In the ListenBrainz project we've created a number of tools and techniques that allowed us to create the MBID Mapping sub-project. This project takes an artist name and a recording (track) name and attempts to find the best matching recording in MusicBrainz.
This library will contain code to facilitate matching non-MusicBrainz metadata to MusicBrainz (tag a music collection) and from MusicBrainz to non-MusicBrainz metadata (content resolution).
One component in this toolkit is the metadata cleaner, which removes (often) useless gunk from a metadata recording string:
"Tabula Rasa (feat. Lorraine Weiss)" -> "Tabula Rasa"
"Don't Give up - 2001 remaster" -> "Don't Give up"
This library also supports artist name cleaning:
"Amy Winhouse, Lorraine Weiss" -> "Amy Winehouse"
When a piece of metadata fails to be identified the metadata should be run through the metadata cleaner in an effort to remove this useless gunk that might be preventing a match. If the cleaner sucessfully removes gunk, the cleaned metadata should be looked up again, hoping that a match will be found this time.

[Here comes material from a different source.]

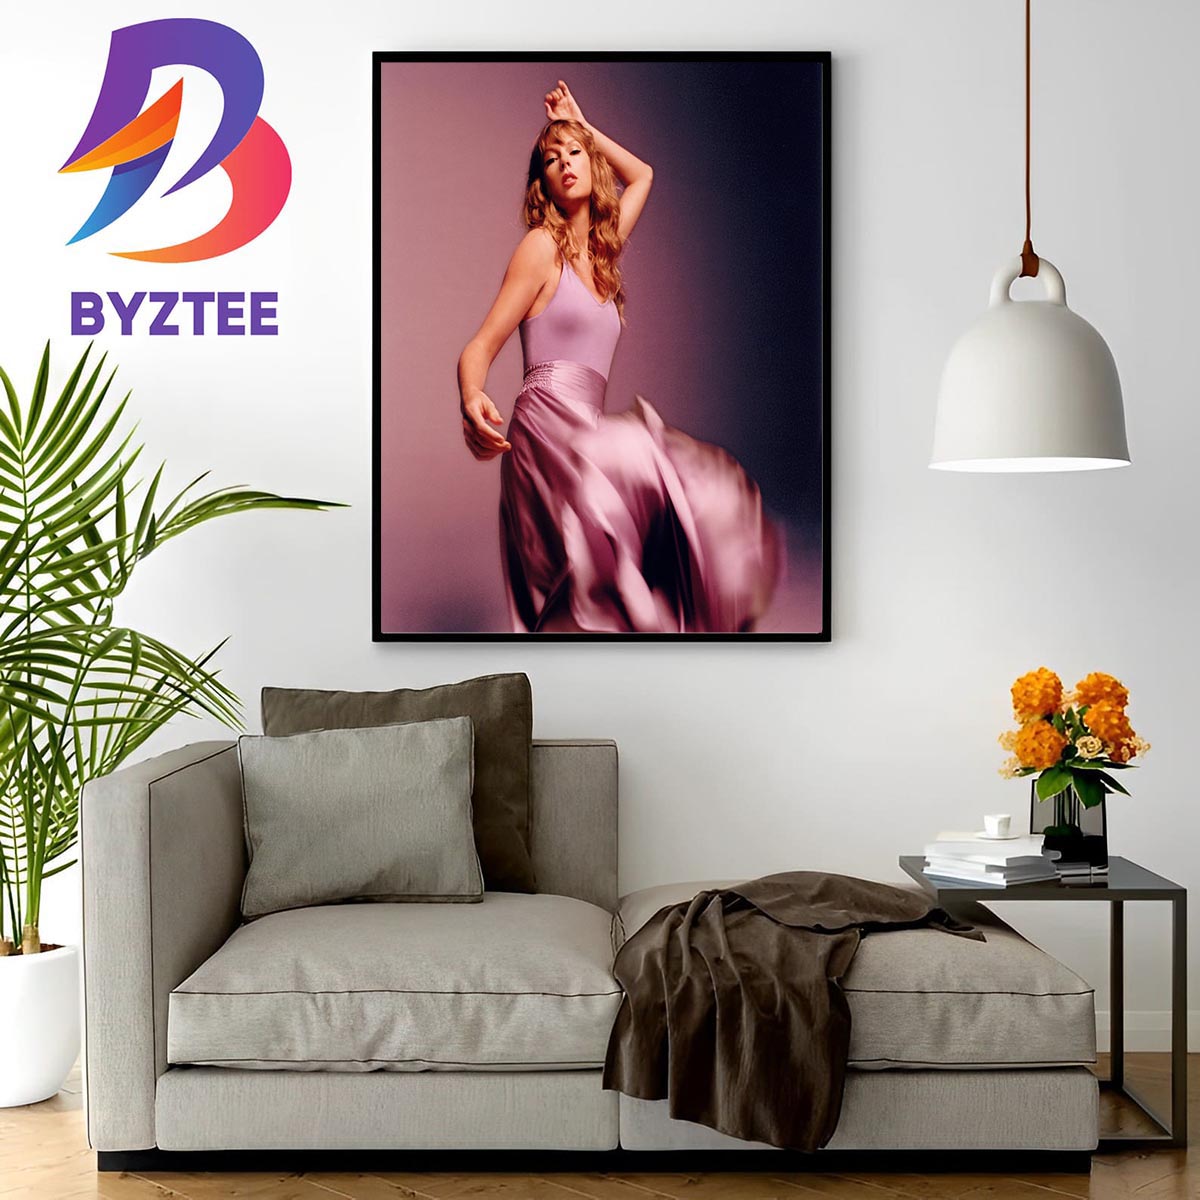 Taylor Swift For Speak Now Taylor Version Home Decor Poster Canvas - Byztee

To use this class, instantiate the MetadataCleaner class and call the clean_recording or clean_artist methods:
from lb_matching_tools.cleaner import MetadataCleaner
mc = MetadataCleaner()
mc.clean_recording("Tabula Rasa (feat. Lorraine Weiss)")
mc.clean_artist("Amy Winhouse, Lorraine Weiss")
To install this python module, simply do:
python setup.py install
To run the internal unit tests, run:
./test.py